4. You indicate that Margaret Mead kept the personal details of her life secret, during her lifetime and beyond. What was she hiding and how did you uncover her secrets?

 

    As a young woman, Margaret came to believe that she was incapable of maintaining “a single hearted devotion.” She questioned why love and intimacy need be limited to one person at a time, or, for that matter, limited to the opposite sex. She gave herself permission to live outside the norms of accepted society. For the time in which she lived, her behavior was extremely radical, if not downright taboo. But she was, at the same time, anxious to safeguard her reputation. She knew if the details of her forbidden affairs ever came to light her career would be ruined. Her secrets were not laid bare until 2009, many years after her death, when her letters entered the public domain. I was able to make digital copies of hundreds of these letters and study them. They provided a window into her mind during her formative years.

 

5. Thinking of all the bookclub readers who are reading this interview, would you put together your ideal bookclub– made up of authors –who you would pick to meet with to discuss your book. And what would you expect them to ask you?

 

     My main mentor as a writer – my father, Edwin Blum (he co-wrote Stalag 17 with Billy Wilder) used to say that all writing is just thinking.  It took me a long time to understand this.  And now, believing this to be the case, I would be thrilled to be in a room with some of my favorite writers who I know to be great thinkers.

     For me, when I take on a book project, the story is everything. That being the case I’d love to discuss the process of finding the story in a real-life situation and using letters and memoirs to get inside the heads of the actual participants, the way that two masters of narrative non-fiction do, namely Erik Larson (In the Garden of Beasts) and David Grann (Killers of the Flower Moon).

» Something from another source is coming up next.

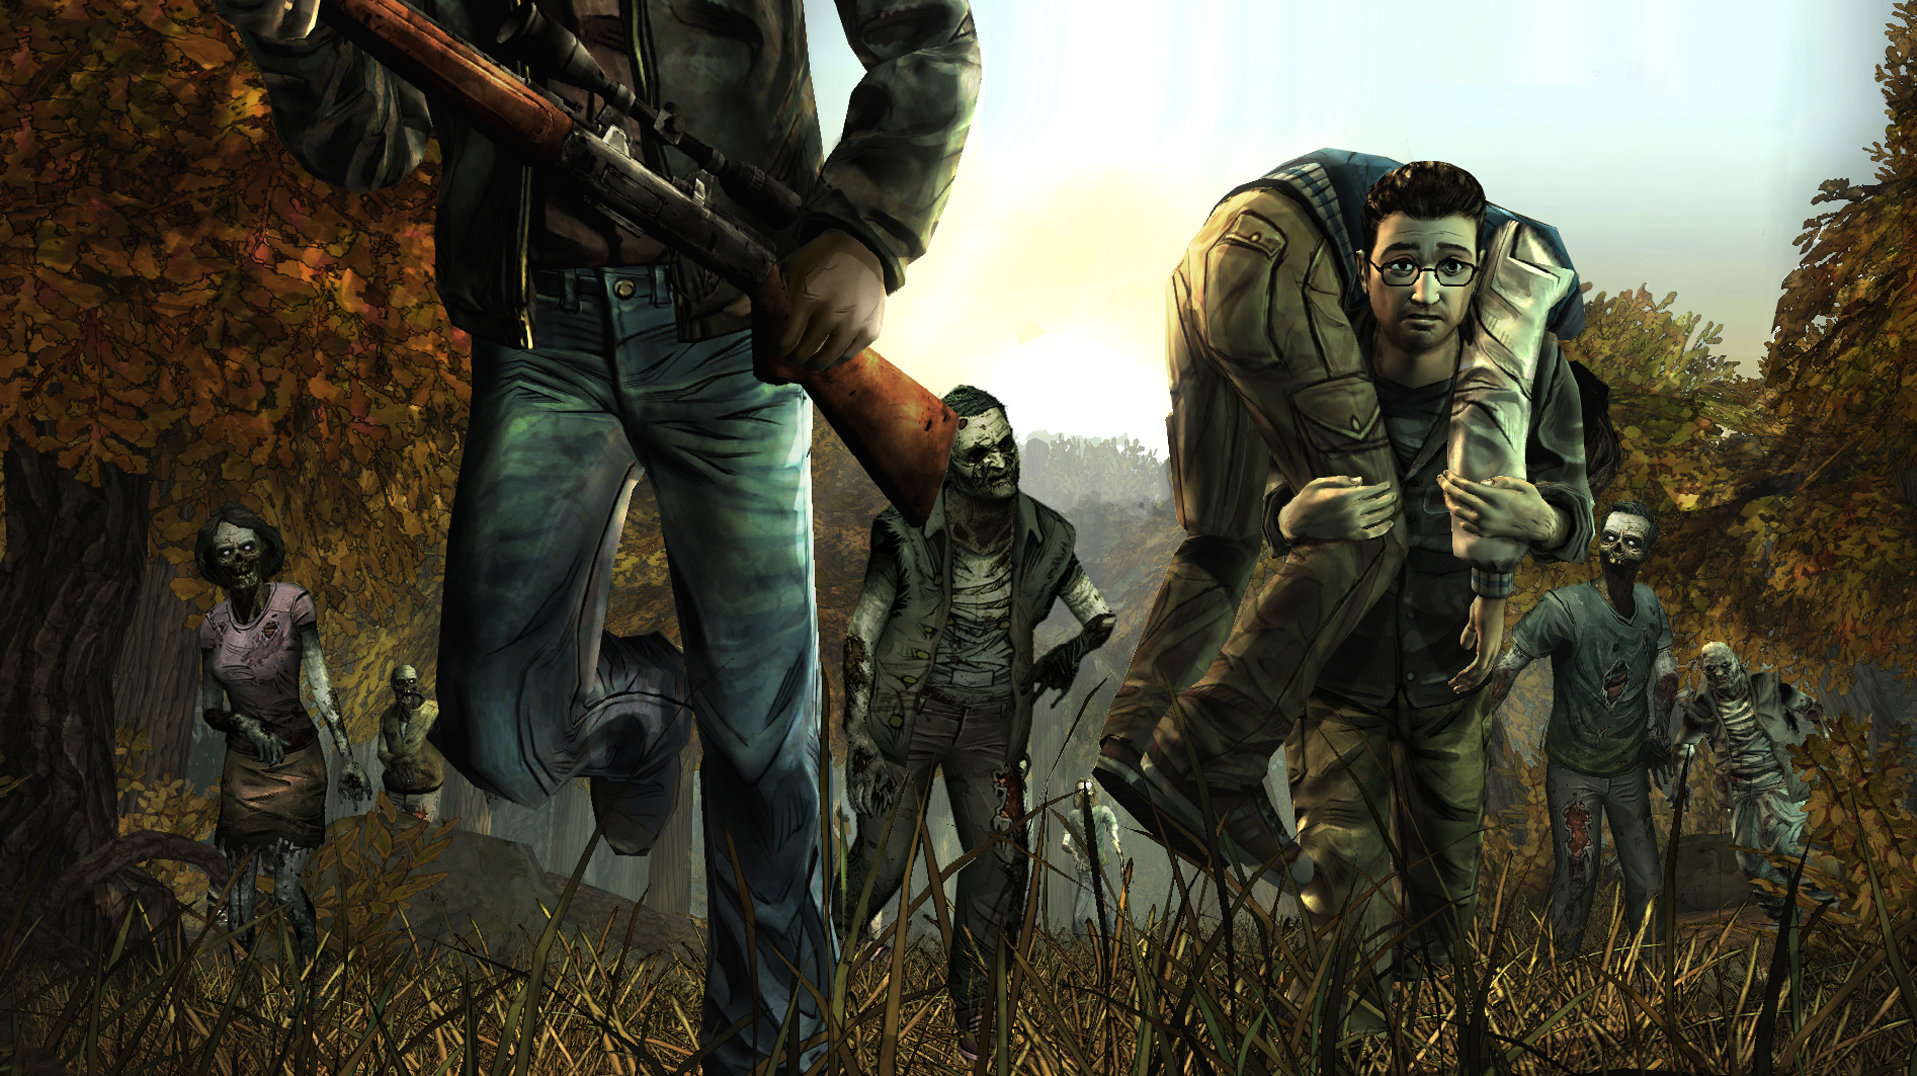 Can I buy season 2 of The Walking Dead one game episode at a time?

     It would also be fascinating to have some historians of women’s history in the room, like Doris Kearns Goodwin and Gloria Steinem, who would help us focus on the role Margaret Mead played in changing the consciousness of American women, and men.

     And finally, because I make an effort to construct my non-fiction books so they read like novels, I’d like to hear from authors Lily King (who fictionalized a later episode in Margaret Mead’s life in Euphoria), and Paula McClain (who fictionalized Hemmingway’s first marriage in Paris Wife) to explain how they straddled the line the novel and non-fiction.

   Short of these writers joining me, I have to say that I would be equally thrilled to drop into a random book club, somewhere in another part of country, with people I’ve never met.  We could tackle the same questions and have just as good a time.